GOAL OF THE EXERCISE - Reproduce the full listing below exactly. Do not include the pictures.

DATASET SECTION -
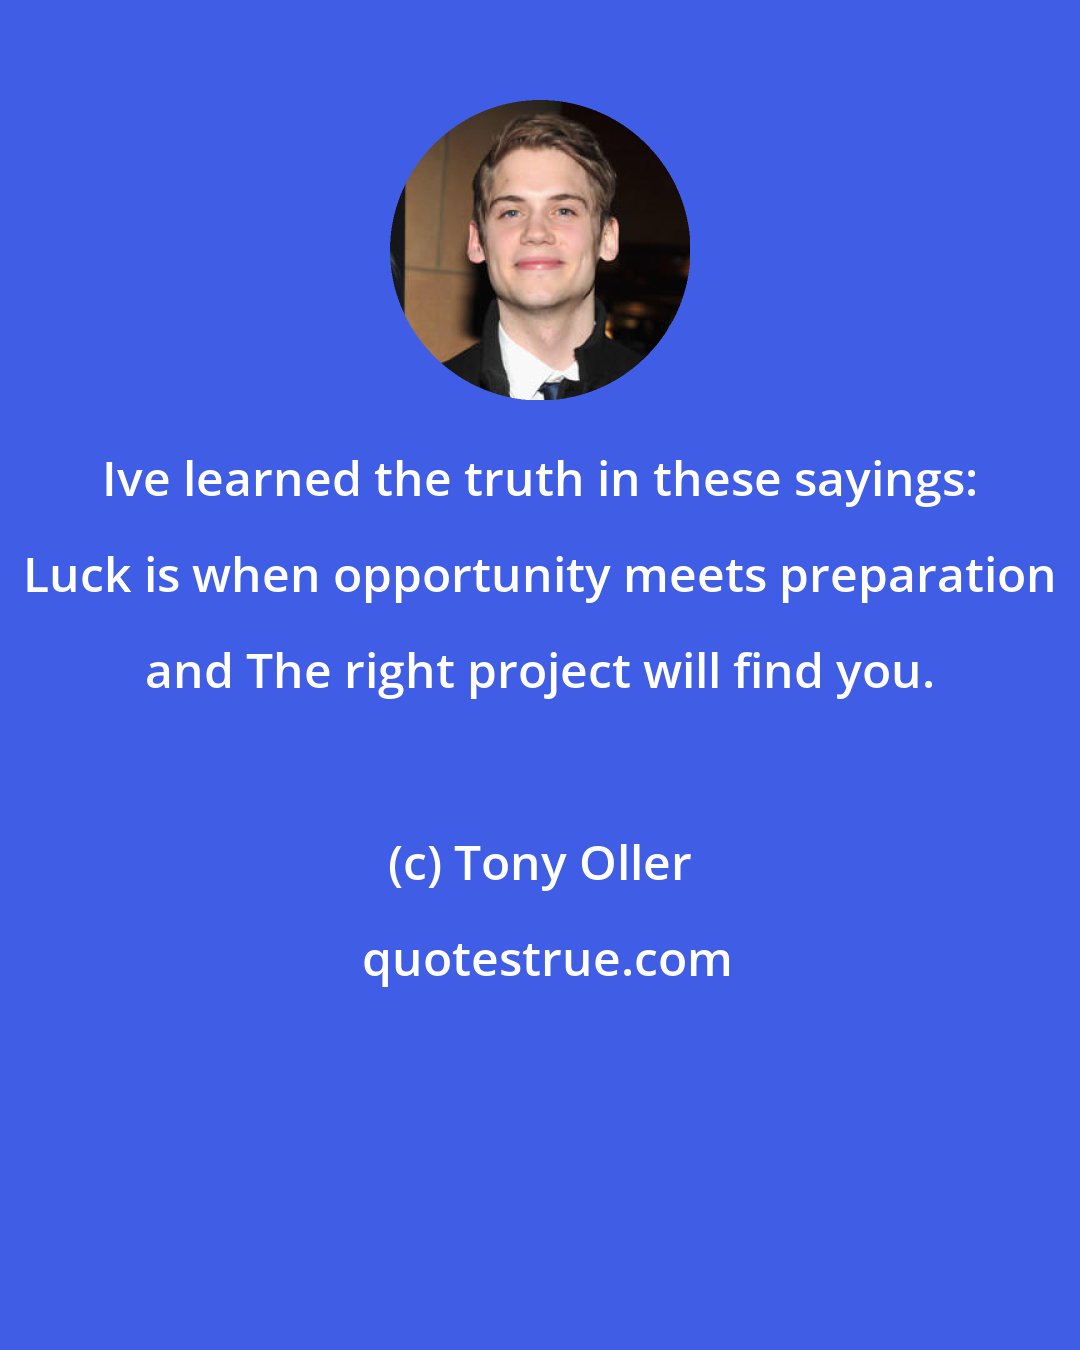 Tony Oller: Ive learned the truth in these sayings: Luck is when opportunity meets preparation and The right project will find you.
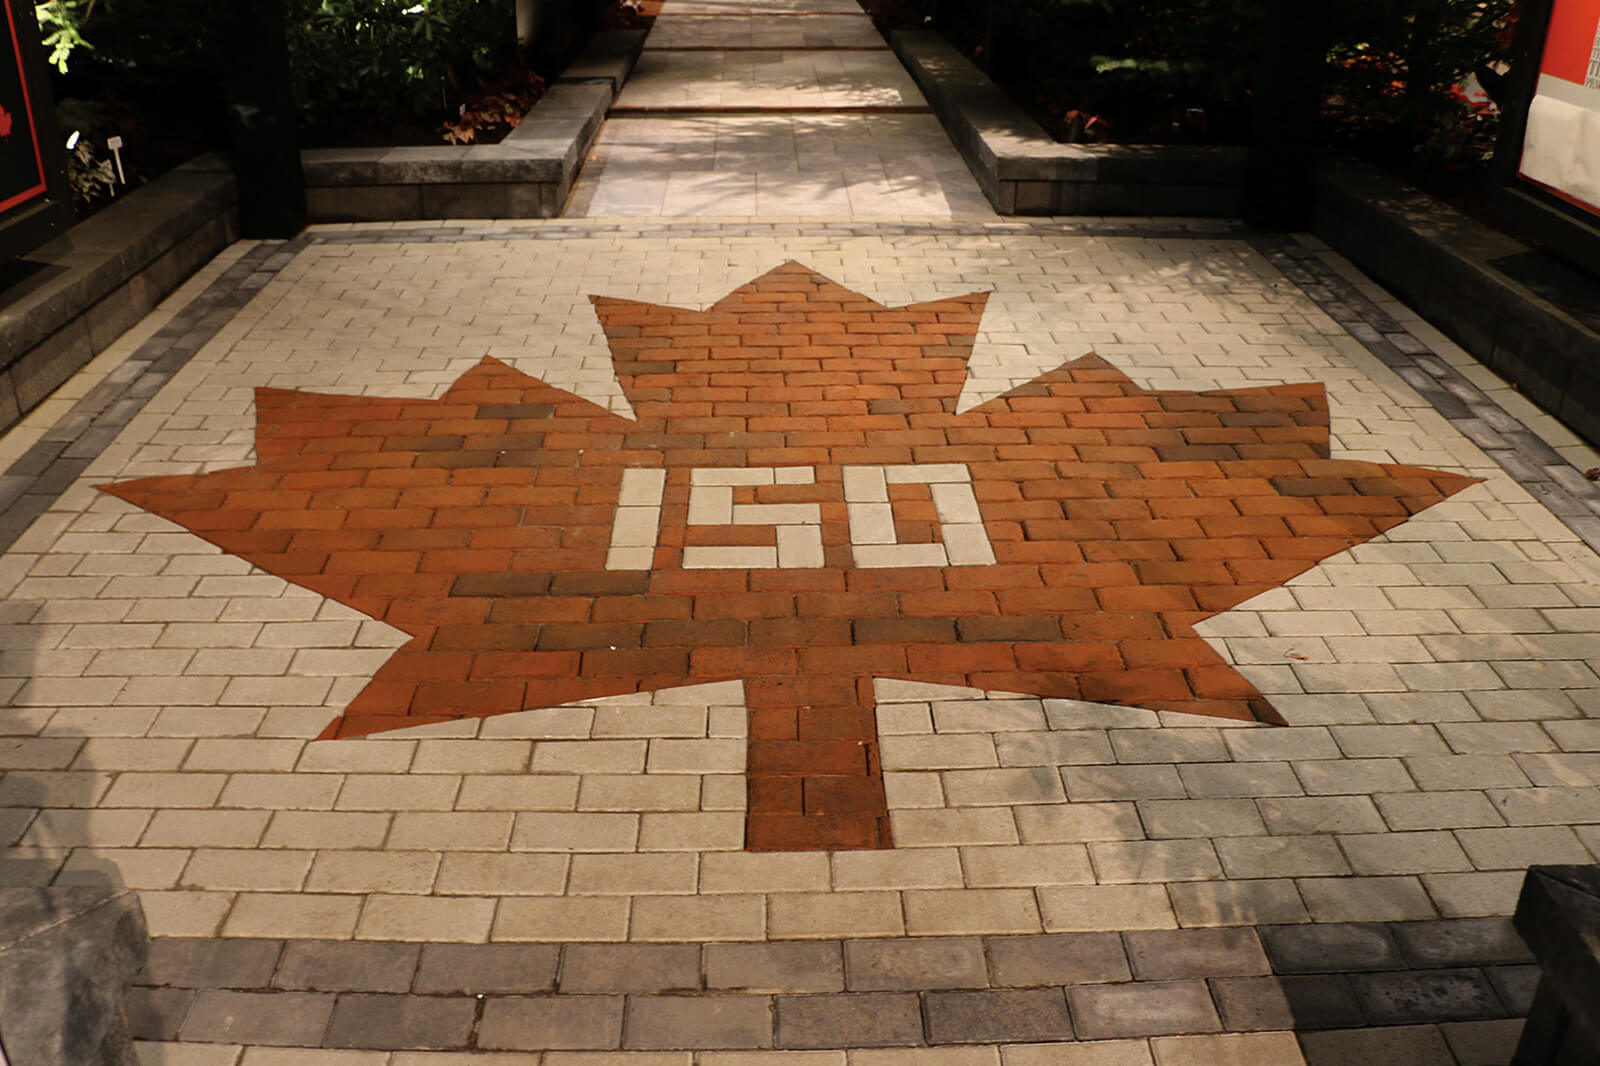 interlocking stone with a red maple leaf pattern and 150 in the centre
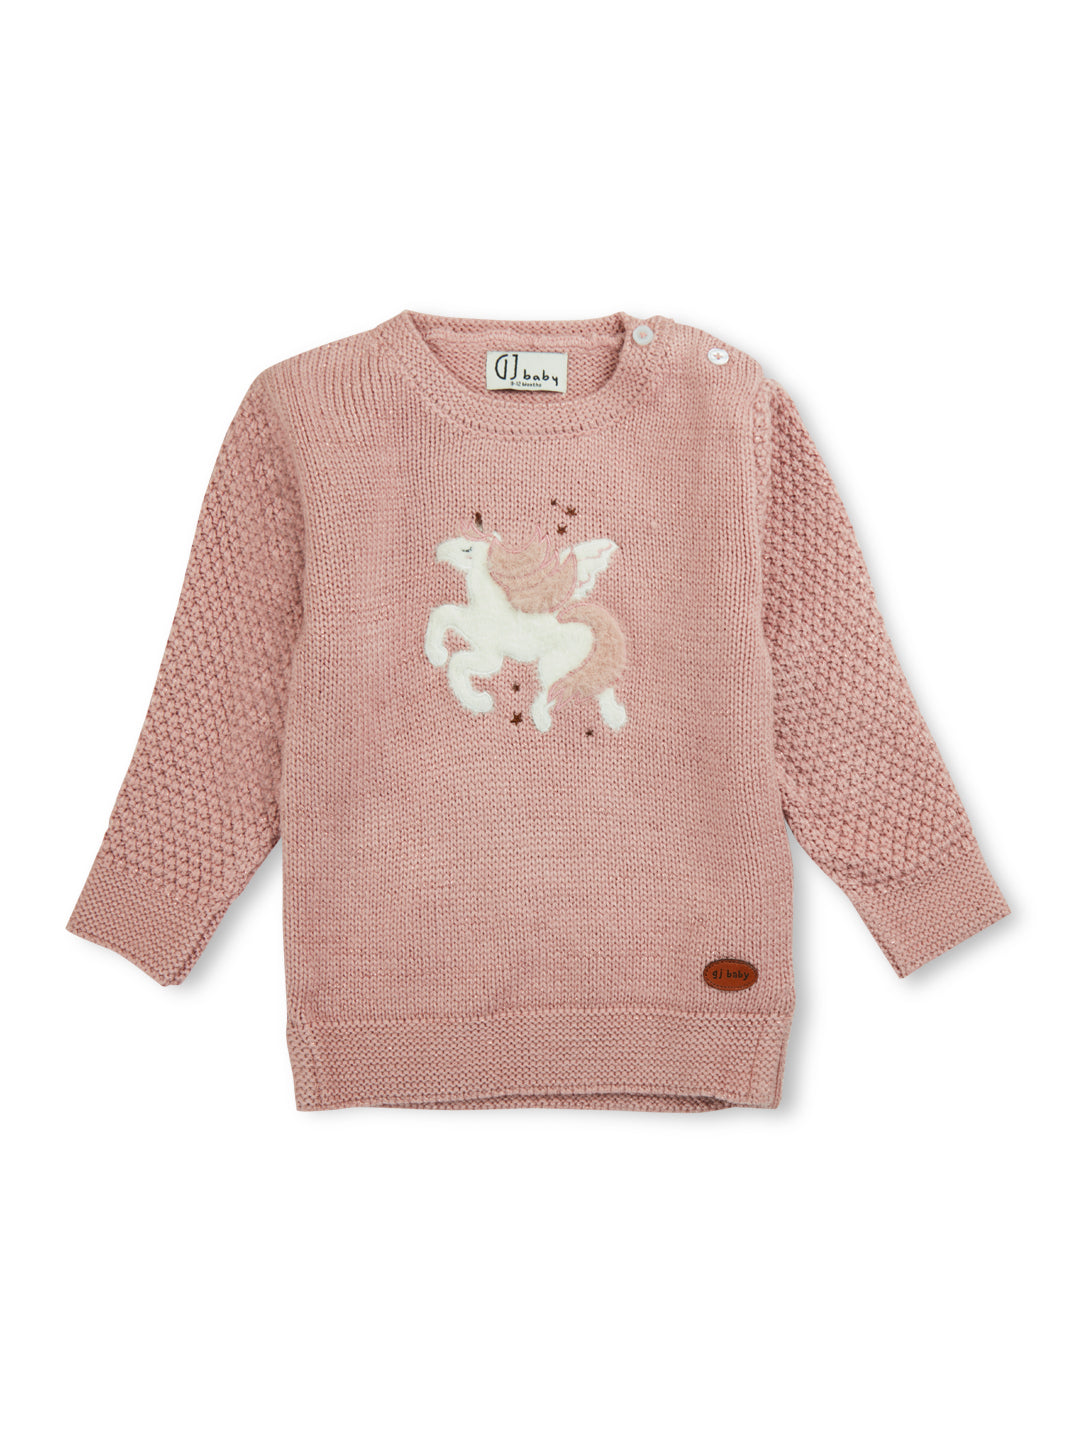 Girls Pink Applique Cotton Full Sleeves Sweater
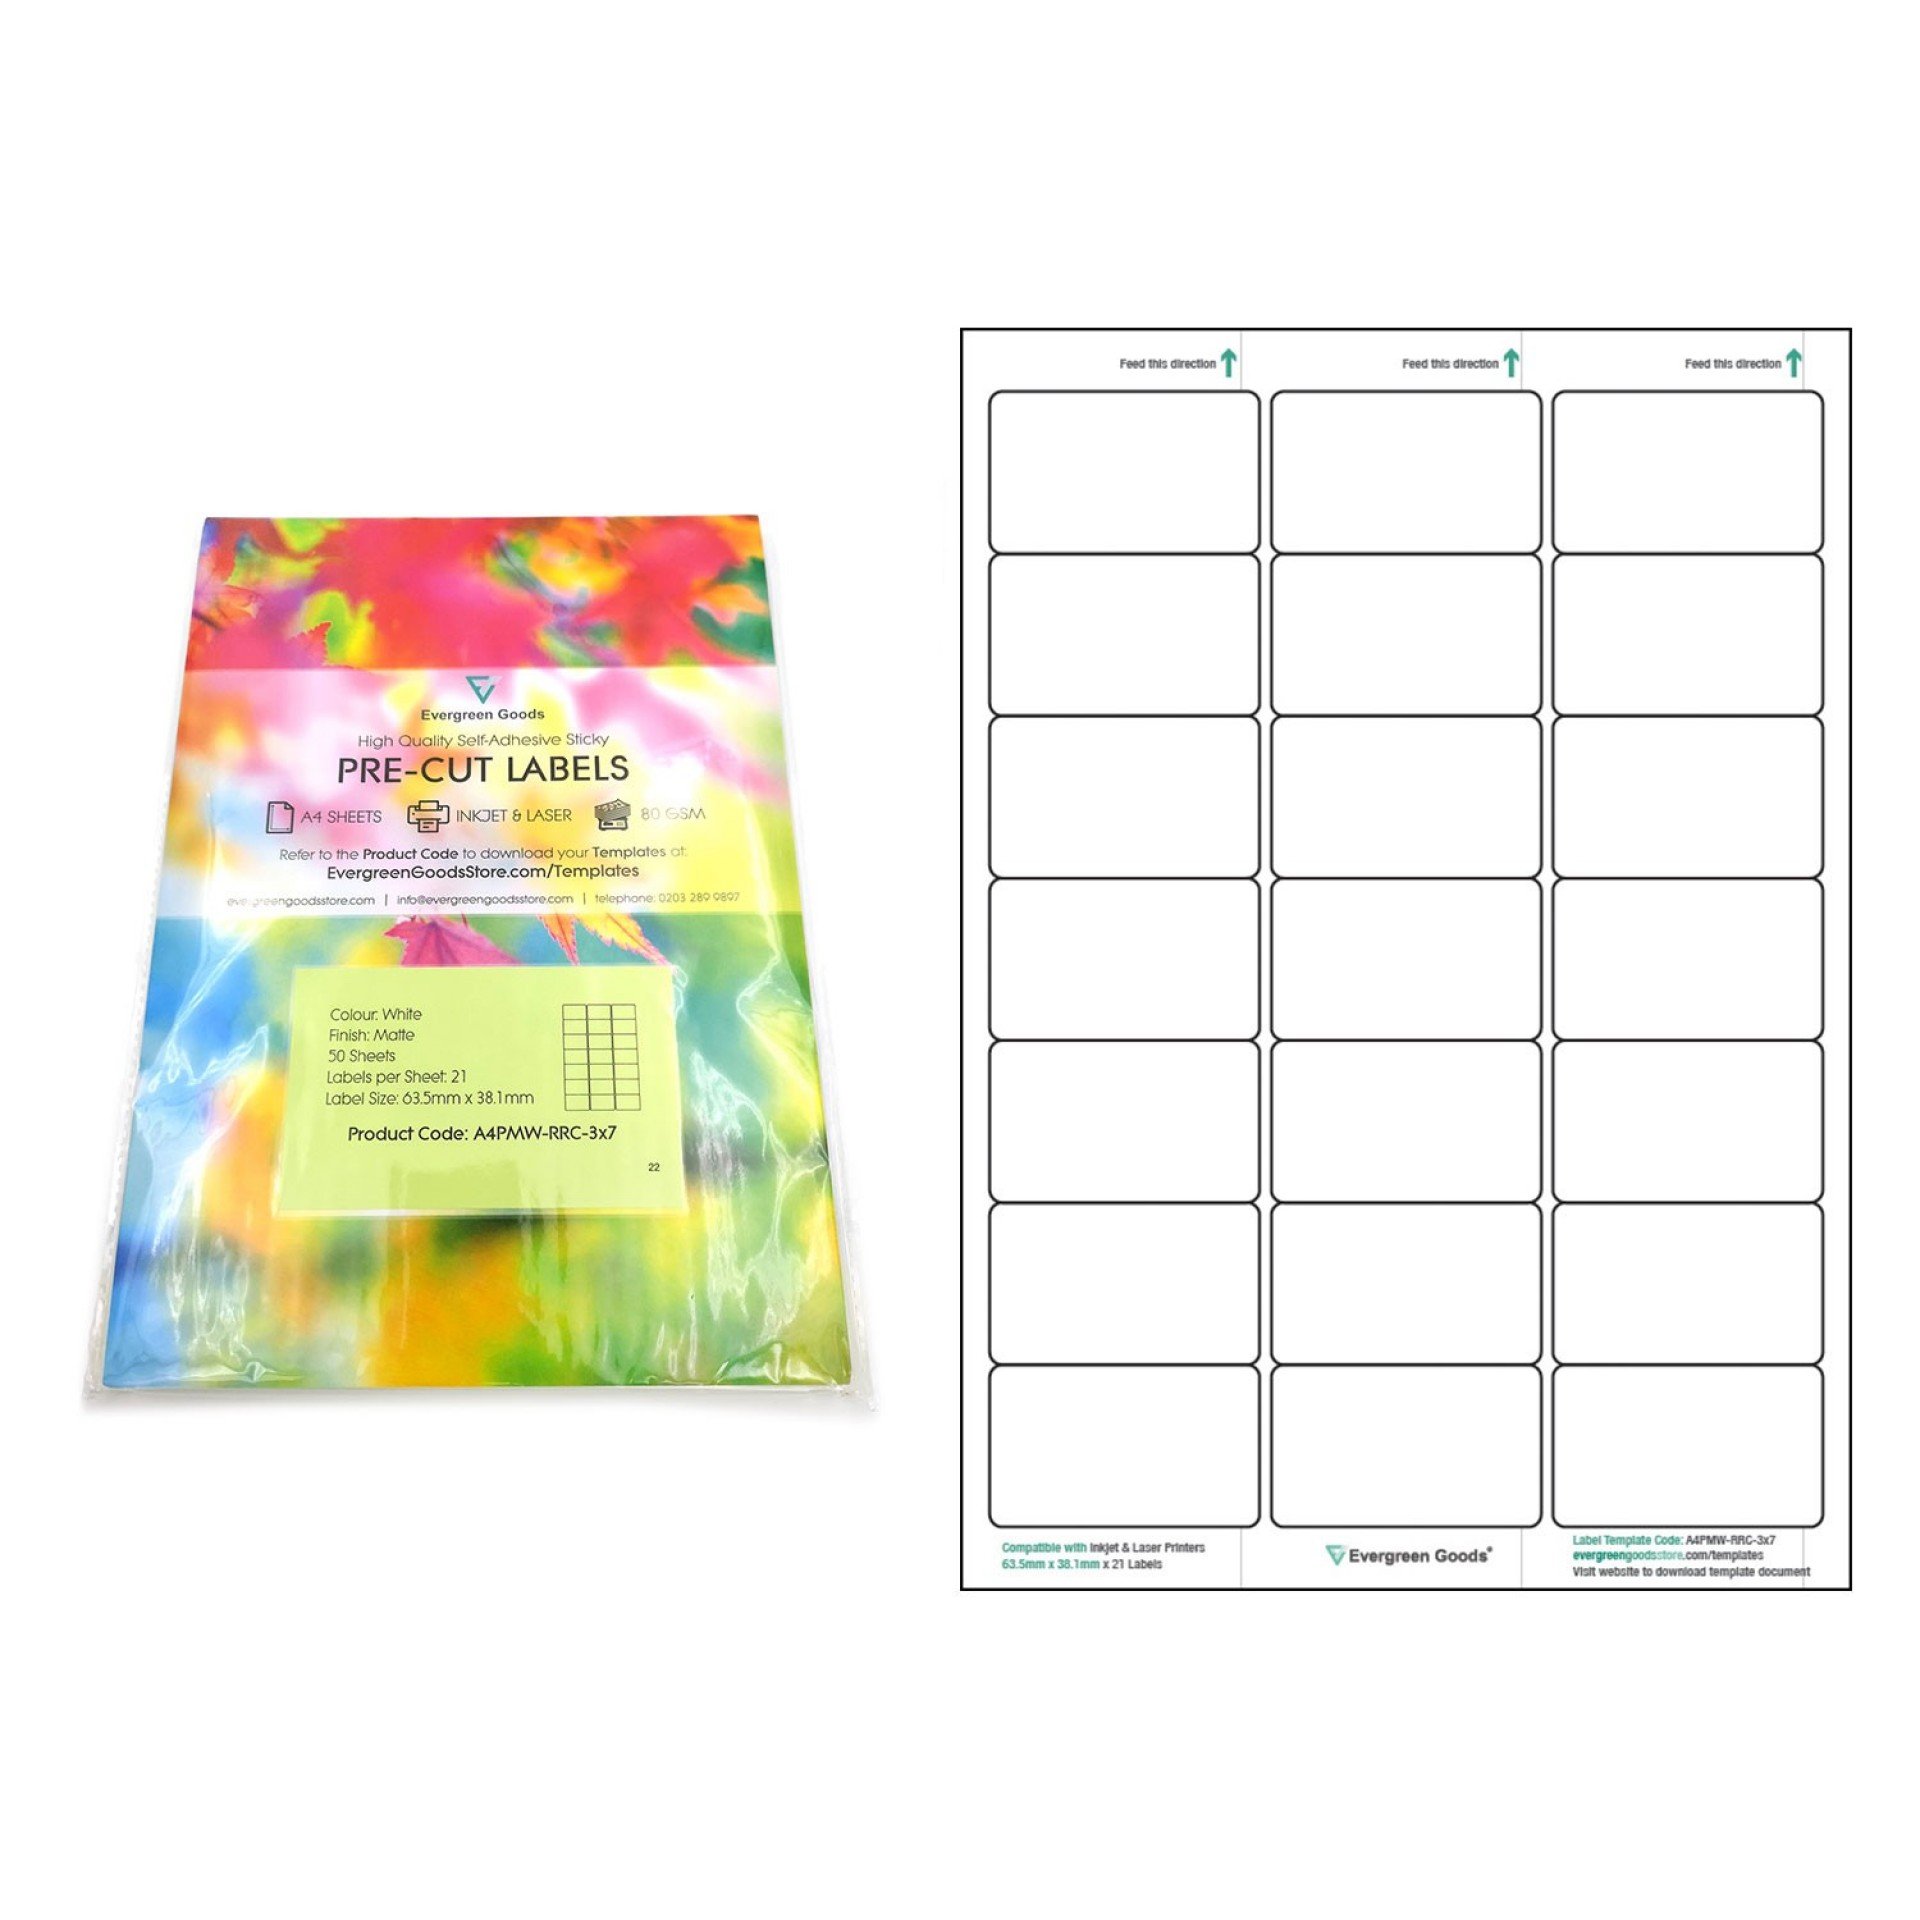 001 Word Label Template Per Sheet Ideas A4Pmw Rrc 3X7 With Word Label Template 21 Per Sheet

WRITTEN SOLUTION -
 Tony Oller: Ive learned the truth in these sayings: Luck is when opportunity meets preparation and The right project will find you.
 interlocking stone with a red maple leaf pattern and 150 in the centre
 Girls Pink Applique Cotton Full Sleeves Sweater
 001 Word Label Template Per Sheet Ideas A4Pmw Rrc 3X7 With Word Label Template 21 Per Sheet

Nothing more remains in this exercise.